グループホームは、空き部屋になるとその部屋の家賃を法人が負担しなければいけません。そのためできるだけ早く次の入居者を決めなければいけません。ただし、重要なことはすでに生活をしている人の相性です。
相性第一で考えます
グループホームは、共同生活です。一緒に生活をする人と相性が悪いとトラブルが起きます。そのため、従来は体験宿泊等を繰り返してから入居者を決定します。しかし、今の社会情勢では、複数の人に体験をしてもらうことはリスクがあります。そこで今回は、内部の推薦で入居者を決めました。
前回、空き部屋ができたときは、10人の申込がありました。その中から書類選考で5人にしぼり、日中の活動の様子を見学に行き3人、その3人に交代で夕食を食べに来ていただき、最終的に2人の体験宿泊を行いました。そこまで慎重に決めます。入居している人同士の相性が第一です。
今回の人は、法人設立前からの利用者です。そのため利用者同士は知合いです。反対に、グループホームの支援者との付き合いがありません。
困っている感が伝わらない辛さ
新しく入居してくれる人は、生活能力が高い人です。電気調理器を使って食事を作ります。また、掃除や水仕事は得意中の得意です。どこに行ってもその場の状況をみて生活を始めます。しかし、コミュニケーションが苦手です。また、なんでも自分でできてしまうため、困っている感が伝わってきません。周囲の人は安心感から意識が薄くなります。
その場その場で、常に解決策を見つけて行動します。
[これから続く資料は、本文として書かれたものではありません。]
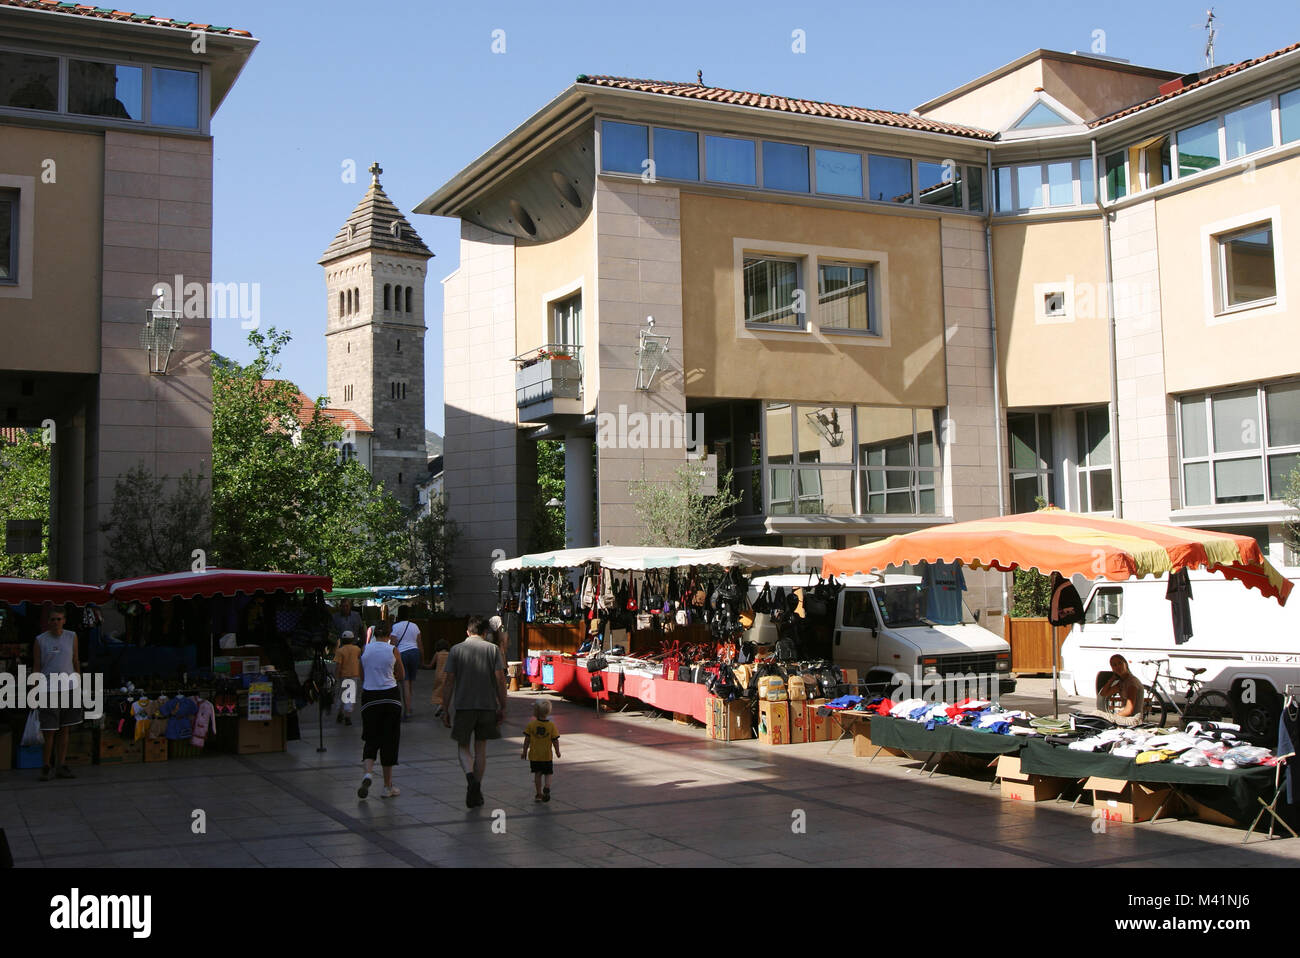 France, Aveyron, Millau, Consuls sqaure, market day Stock Photo

ただし、その対処方法が支援者の常識とずれていることがあります。それを見つけると支援者は「なんで、そんなことをするの」と問い詰めます。本人は、自分にとって最善の策をとったはずなのに怒られるという理不尽さが生じます。
「意識して見る」を意識する
支援者は、困っているとき「困っています」と意思表示をしてくれることを望みます。支援者は、それが本人のためだと思っています。確かに、困っているときに「困っています」と言えた方が良いと思います。しかし、支援者のその思いの裏側には「勝手なことをされる前にどうにかしたい」という心理が隠れています。
私たちの仕事は、予測することです。予測するためには、意識して見なければいけません。意識して見るというのはジロジロ見る、いつも見ている(監視)ということではありません。さりげなく、かつ考えながら見ることです。今回の利用をきっかけにあらためてこの「意識して見る」を意識するように心がけていきます。